Paulo
Motoryn: Prefácio de Flávio Bolsonaro para livro de Sun Tzu revela seu projeto
para o Brasil
Eu
estava em uma livraria virtual procurando o livro “O cadete e o capitão”, uma
investigação feita pelo jornalista Luiz Maklouf Carvalho sobre a trajetória de
Jair Bolsonaro nos quartéis do Exército, quando a loja me sugeriu uma edição de
“A arte da guerra”, de Sun Tzu.
Só
entendi a recomendação do algoritmo quando li o que estava escrito na capa
verde e amarela: aquela versão do clássico livro chinês tinha um prefácio
assinado por Flávio Bolsonaro, senador pelo PL do Rio de Janeiro e agora
pré-candidato à Presidência da República.
Como
custava apenas R$ 10 e não encontrei nenhuma resenha na internet, resolvi
comprar. Na primeira edição de Cartas Marcadas em 2026, divido com vocês minha
impressão sobre o que encontrei.
Prometo
que, nas próximas semanas, teremos as reportagens investigativas que você se
acostumou a ler na newsletter Cartas Marcadas. Mas eu não poderia ignorar o que
foi a leitura mais nonsense que fiz nos últimos anos.

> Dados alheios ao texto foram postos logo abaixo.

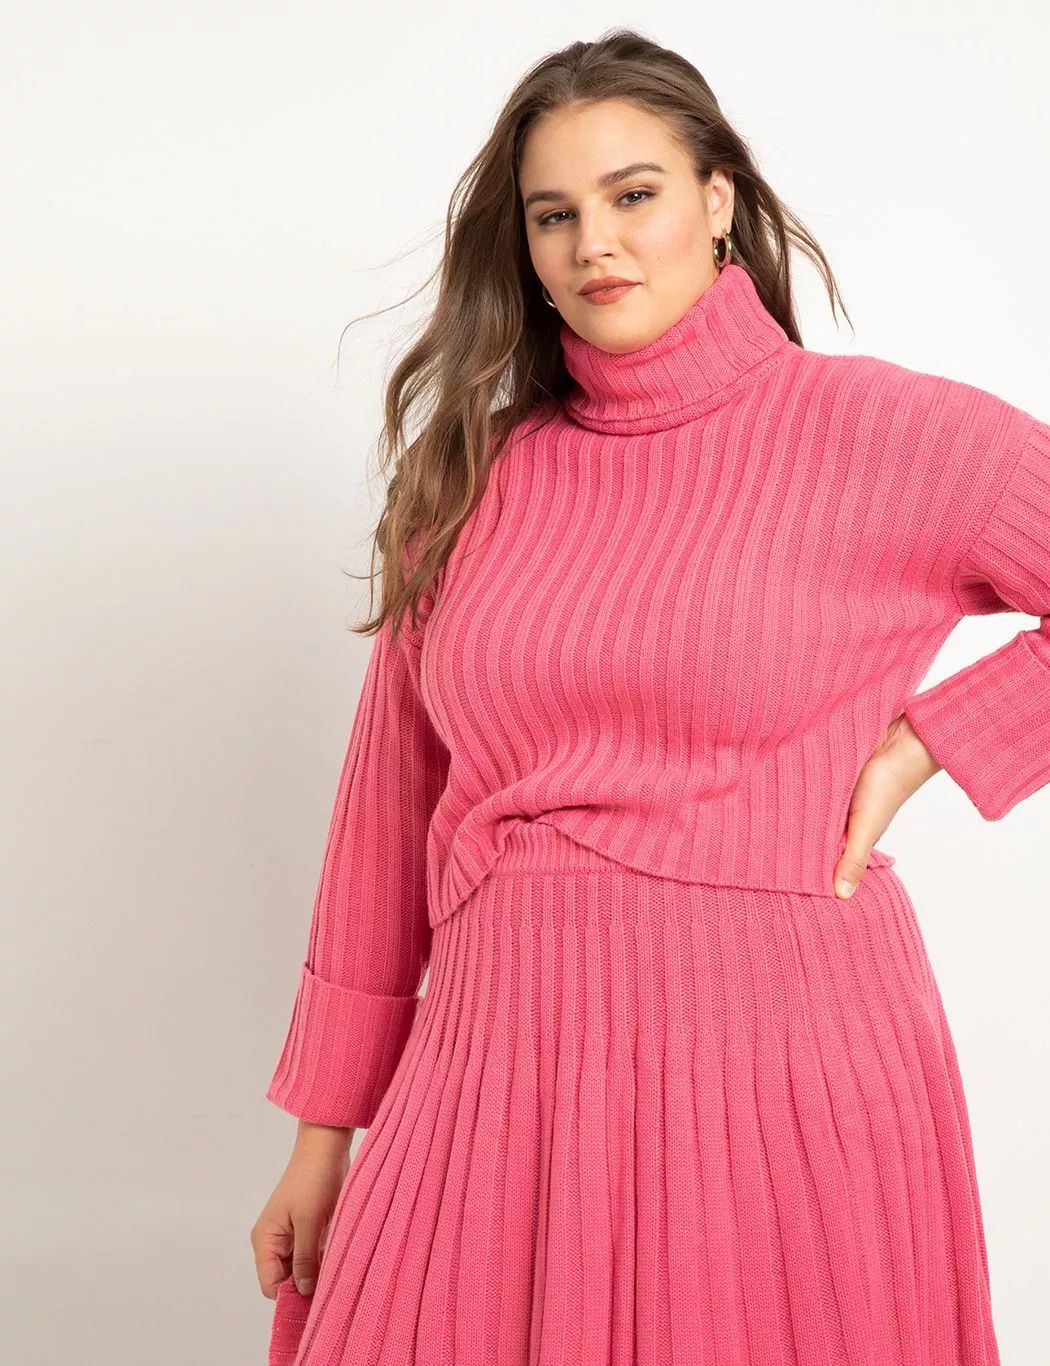 Cropped Turtleneck With Roll Cuff | Women's Plus Size Tops | ELOQUII | Eloquii
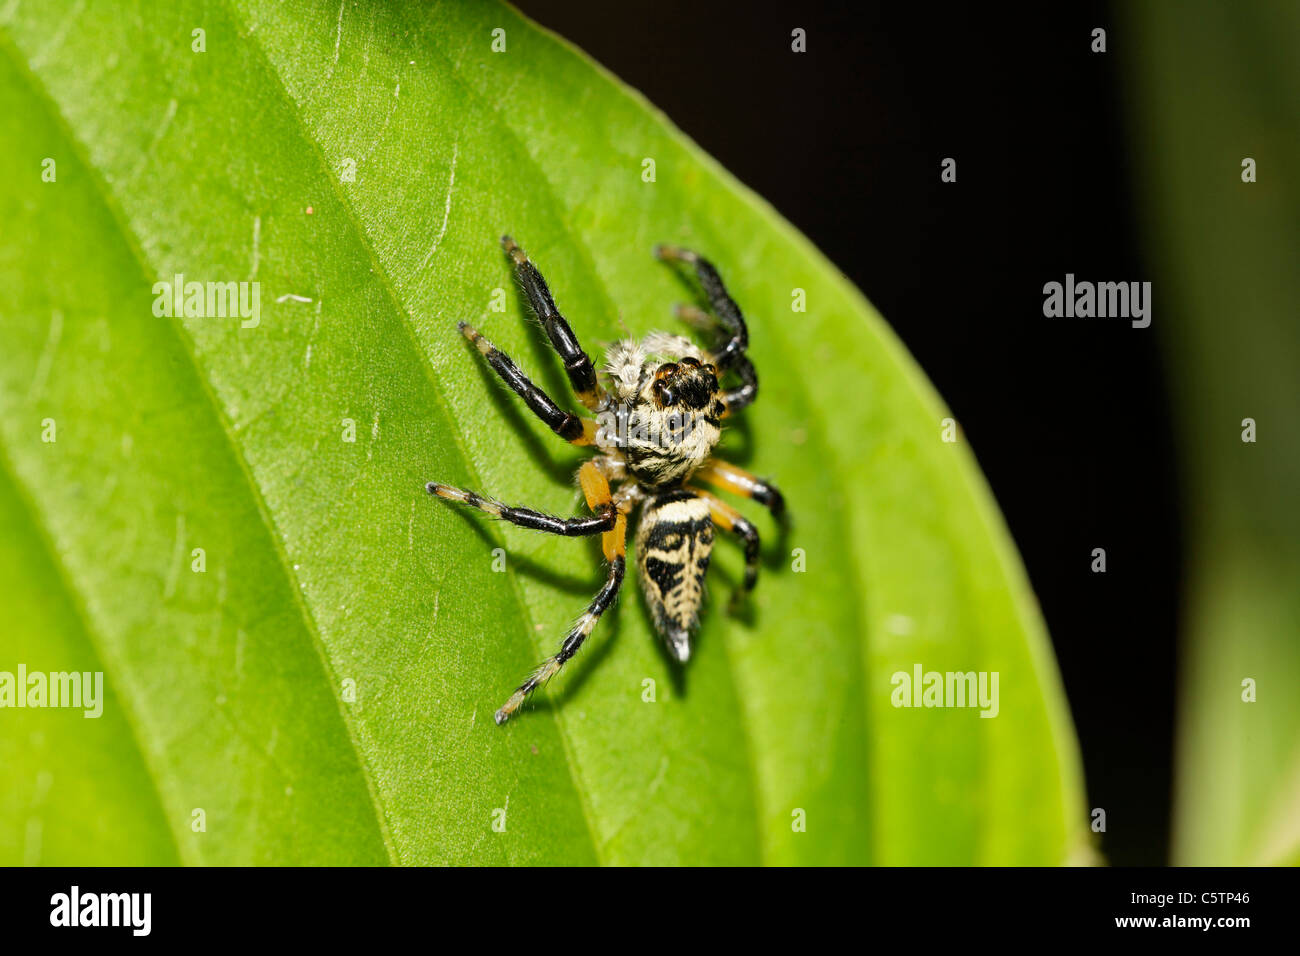 Costa Rica, Jumping spider on leaf Stock Photo

Afinal, ela foi escrita
por um personagem que será protagonista de 2026.
Em
primeiro lugar, um detalhe importante: a edição do livro é de 2021. Ou seja, o
texto de Flávio foi escrito antes do lançamento do ChatGPT. Talvez por isso
sejam apenas três páginas. Três páginas que conseguem, ao mesmo tempo, serem
poucas para justificar os R$ 10 que gastei e muitas para o que efetivamente
dizem.
Os
problemas aparecem rápido. Há erros ortográficos, frases extremamente longas e
um uso obsessivo de letras maiúsculas — PAZ VERDADEIRA, GUERRA, VIDA, MORTE —
como se o texto precisasse gritar para convencer alguém de que está dizendo
algo profundo. Spoiler: não está.
Mas o
mais interessante não é o descuido com a escrita. O que me fascinou é que
Flávio apresenta uma interpretação de Sun Tzu que me fez ter a impressão que
ele leu apenas o título do livro.
Para o
filho mais velho de Jair Bolsonaro, “A arte da guerra” diz que a vida é uma
guerra permanente, que a dúvida é uma fraqueza e a paz, apenas comodismo.
Preciso
admitir: eu nunca havia lido a clássica obra de Sun Tzu. Resolvi encará-la para
entender a interpretação de Flávio. É um livro curto, de pouco menos de 100
páginas. Não demorei mais que uma semana para terminar a leitura. Posso
garantir: o general chinês não escreve nada parecido com o que Flávio entendeu.
A obra
de Sun Tzu valoriza, na realidade, exatamente o inverso do que diz o senador do
PL. Não se trata de uma apologia à guerra, mas sim da valorização da
inteligência estratégica, da vitória sem combate e, sobretudo, da evitação do
conflito desnecessário.
No
prefácio de Flávio, porém, o chinês vira uma espécie de mascote da guerra.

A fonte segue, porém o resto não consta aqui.